*SOURCE MATERIAL*.
• • • • • • •

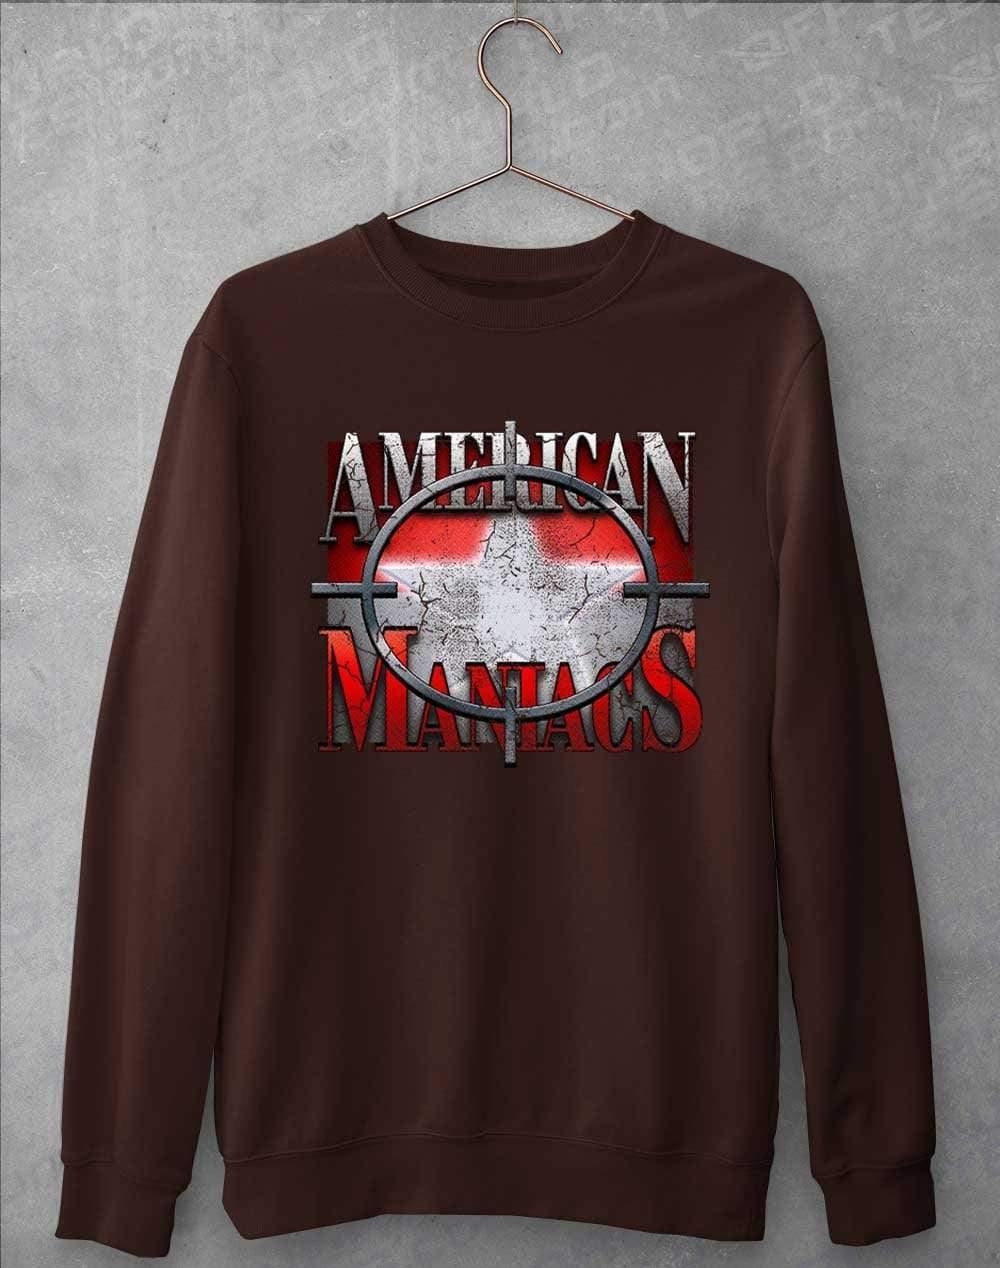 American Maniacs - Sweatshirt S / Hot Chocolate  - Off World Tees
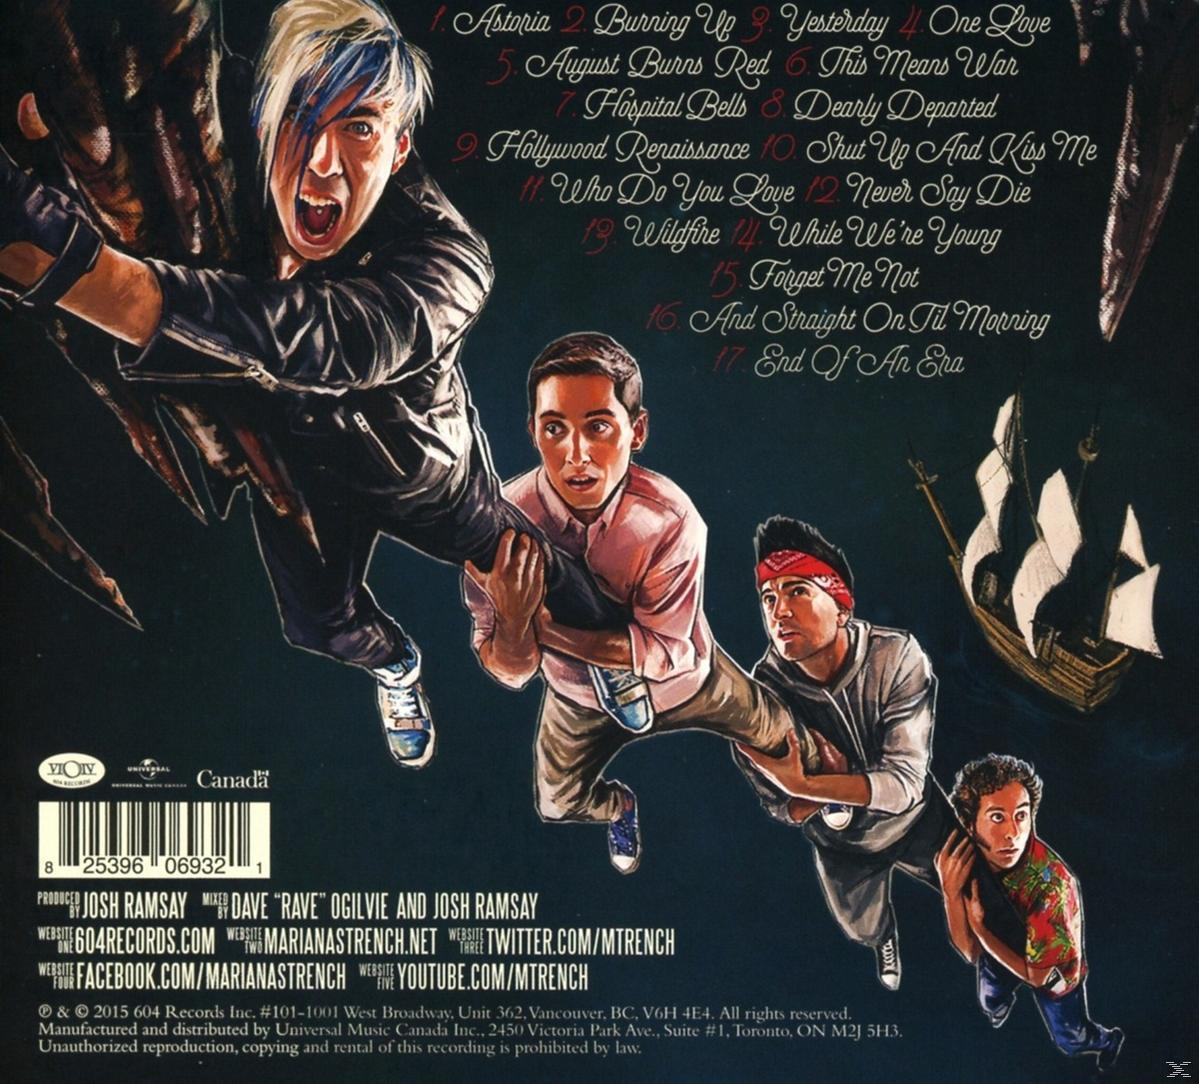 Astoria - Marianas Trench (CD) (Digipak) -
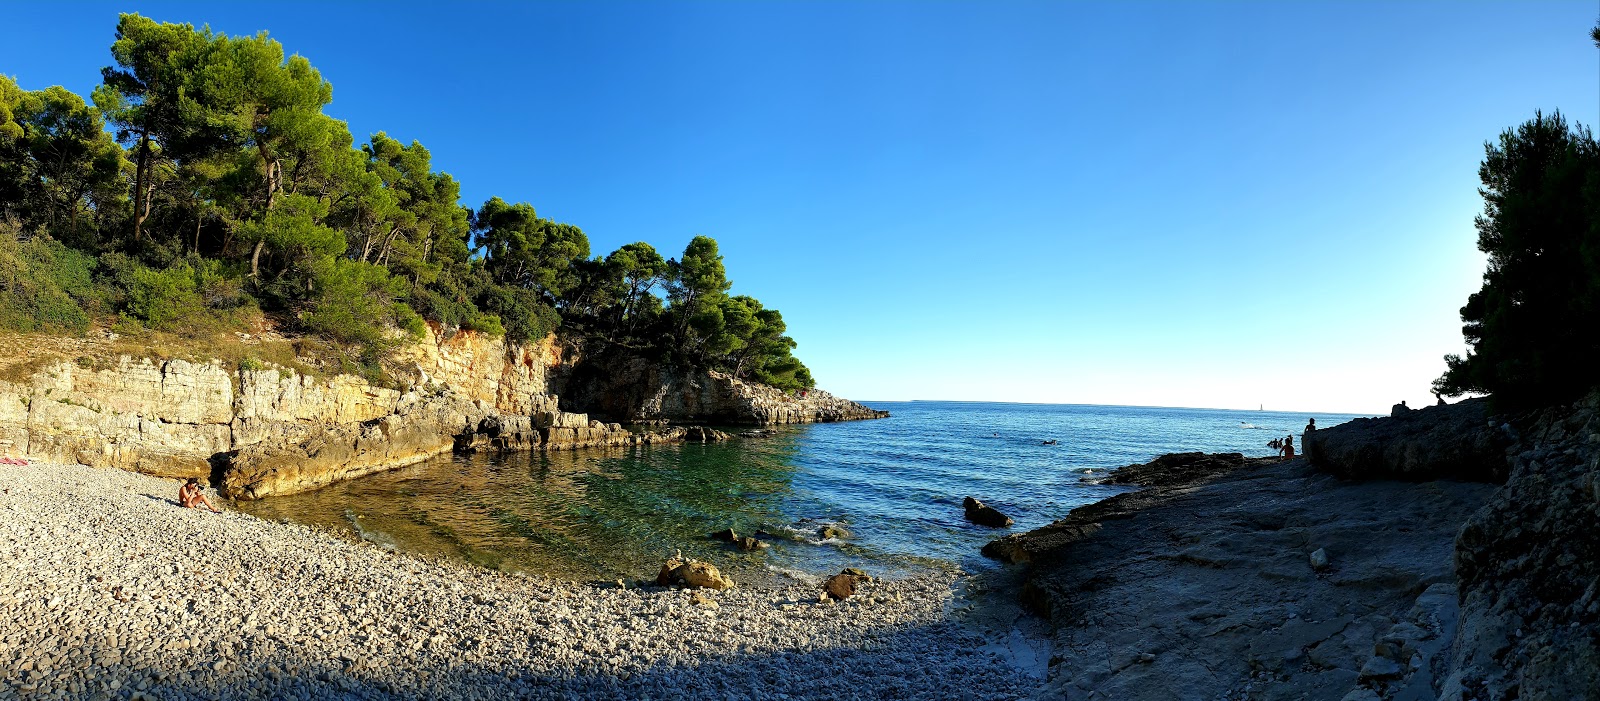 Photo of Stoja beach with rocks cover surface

• • • • • • •

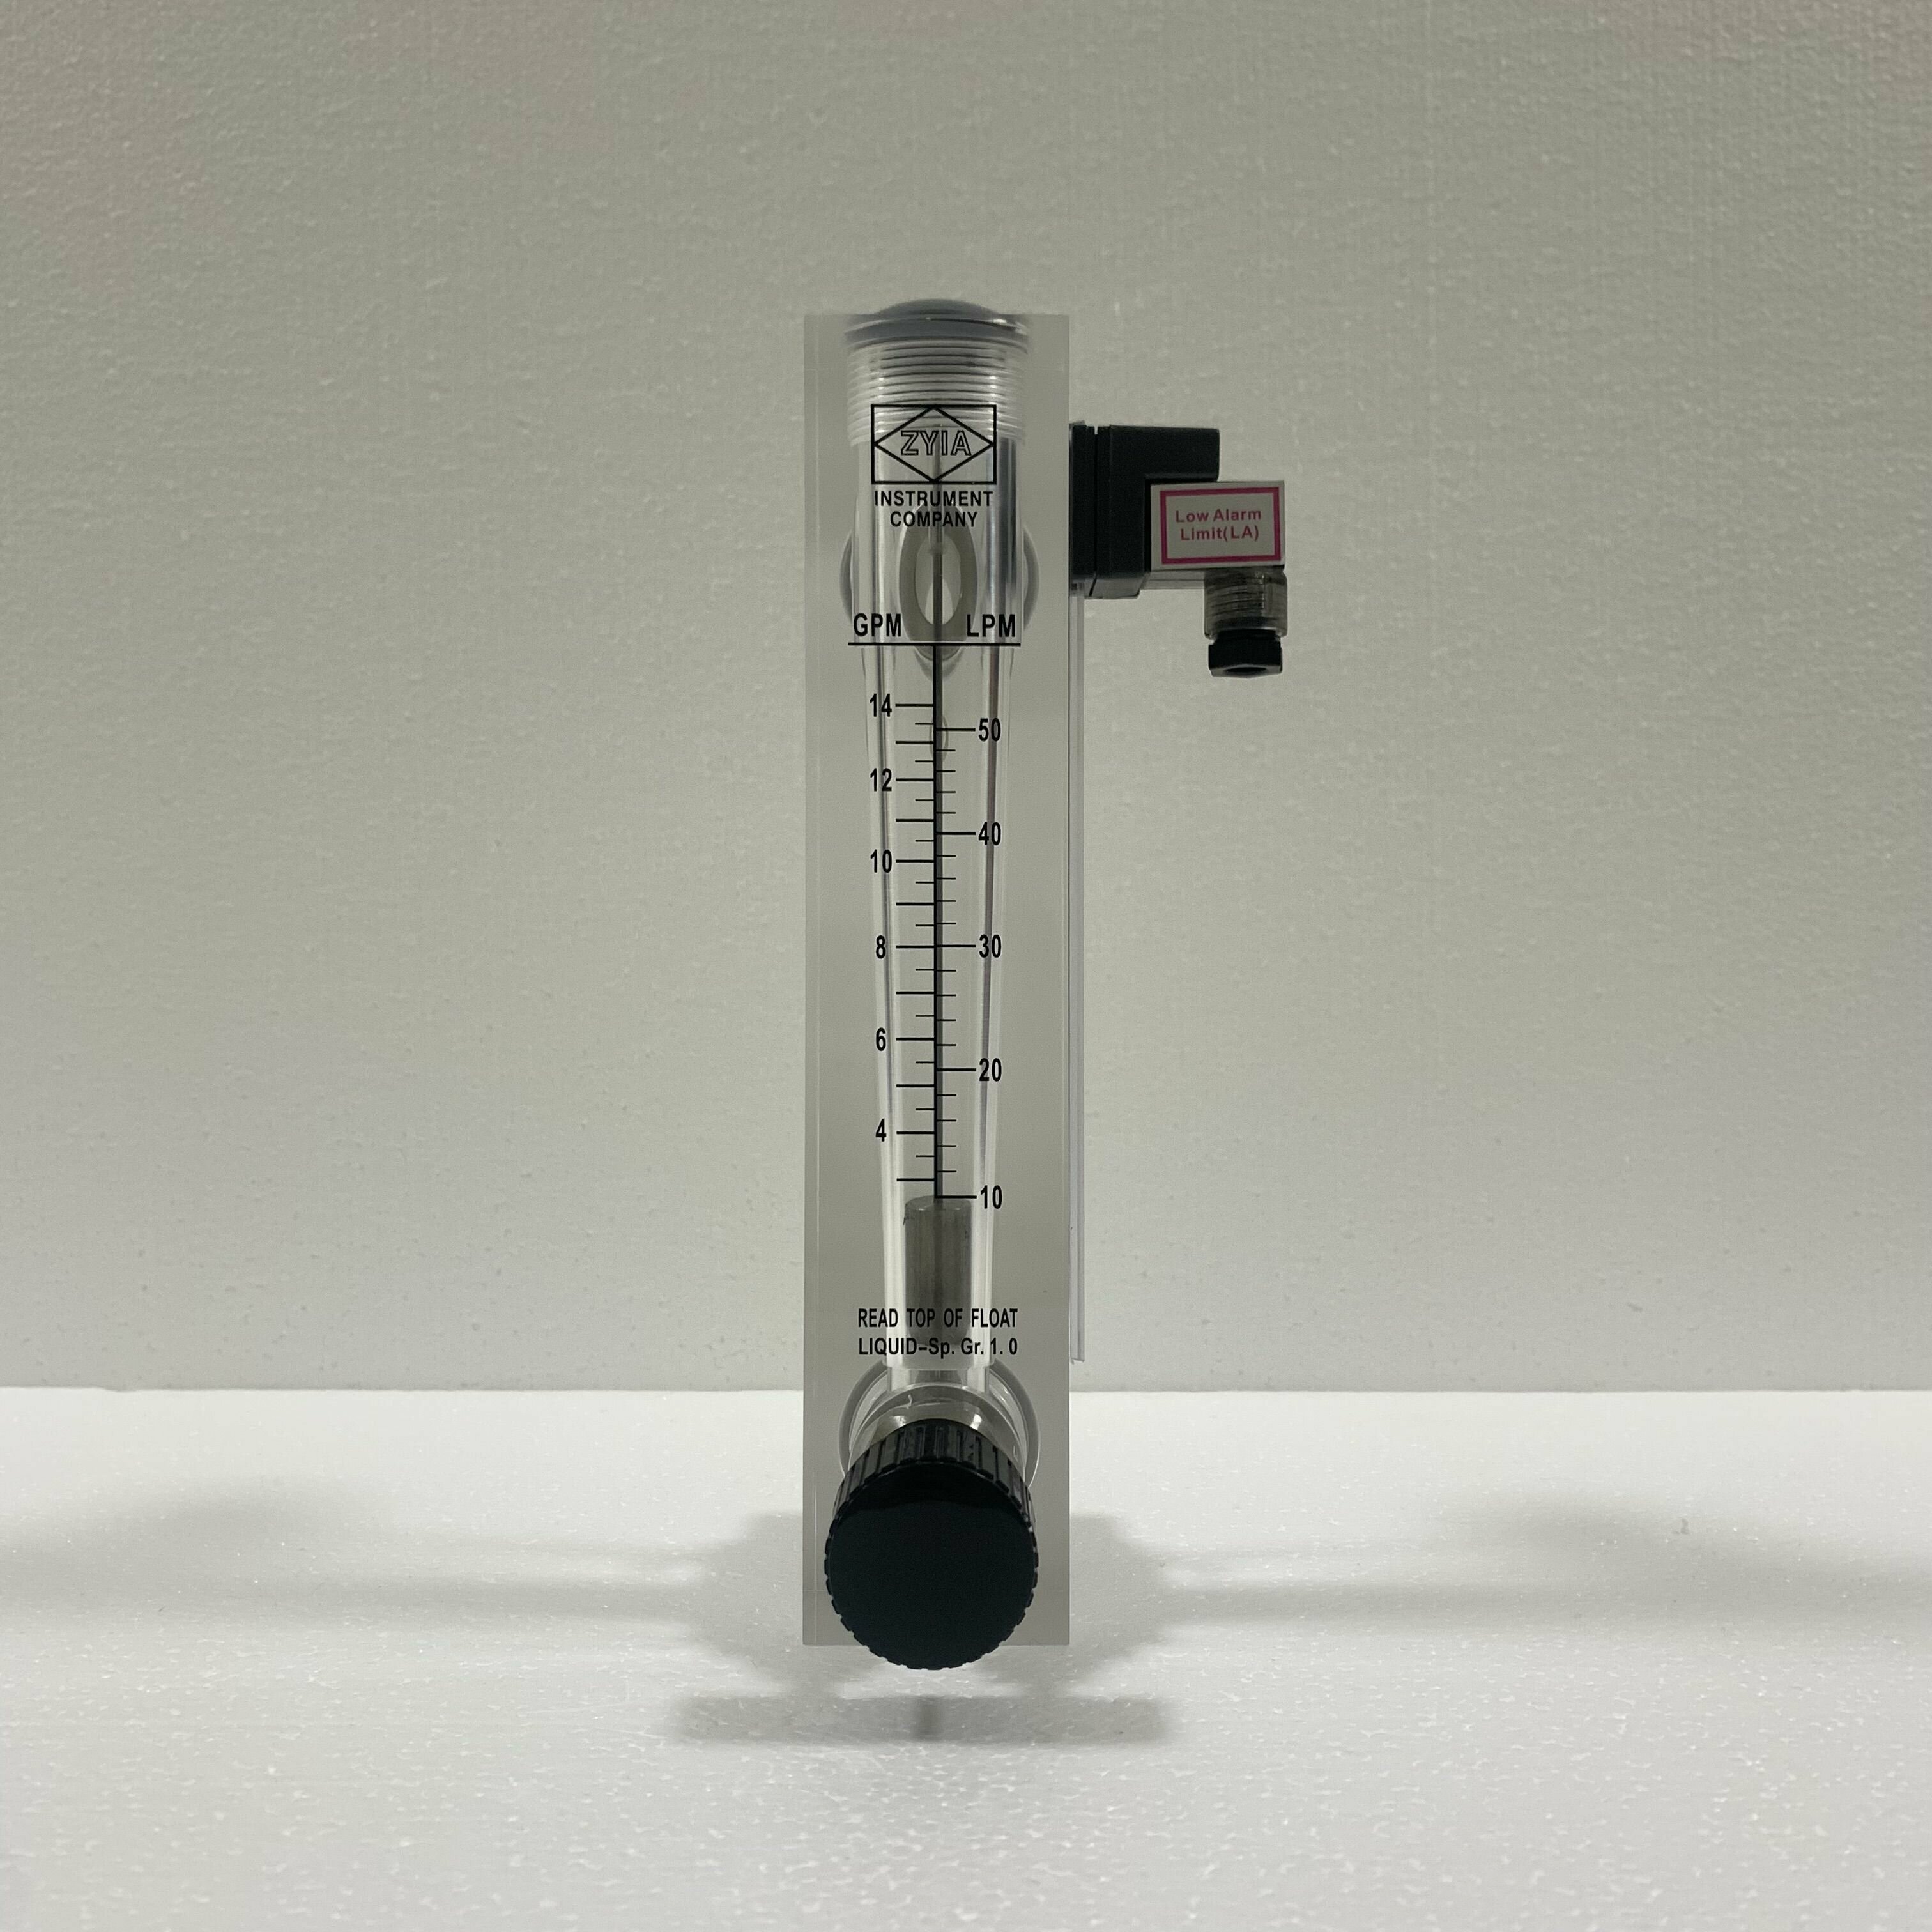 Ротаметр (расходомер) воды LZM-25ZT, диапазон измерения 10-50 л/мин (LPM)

• • • • • • •

*YOUR ASSIGNMENT*.
Your answer should be the lines above, word for word, from the line with "Astoria - Marianas" through the line with "Photo of Stoja", minus the pictures.

*WRITTEN SOLUTION*.
 Astoria - Marianas Trench (CD) (Digipak) -
 Photo of Stoja beach with rocks cover surface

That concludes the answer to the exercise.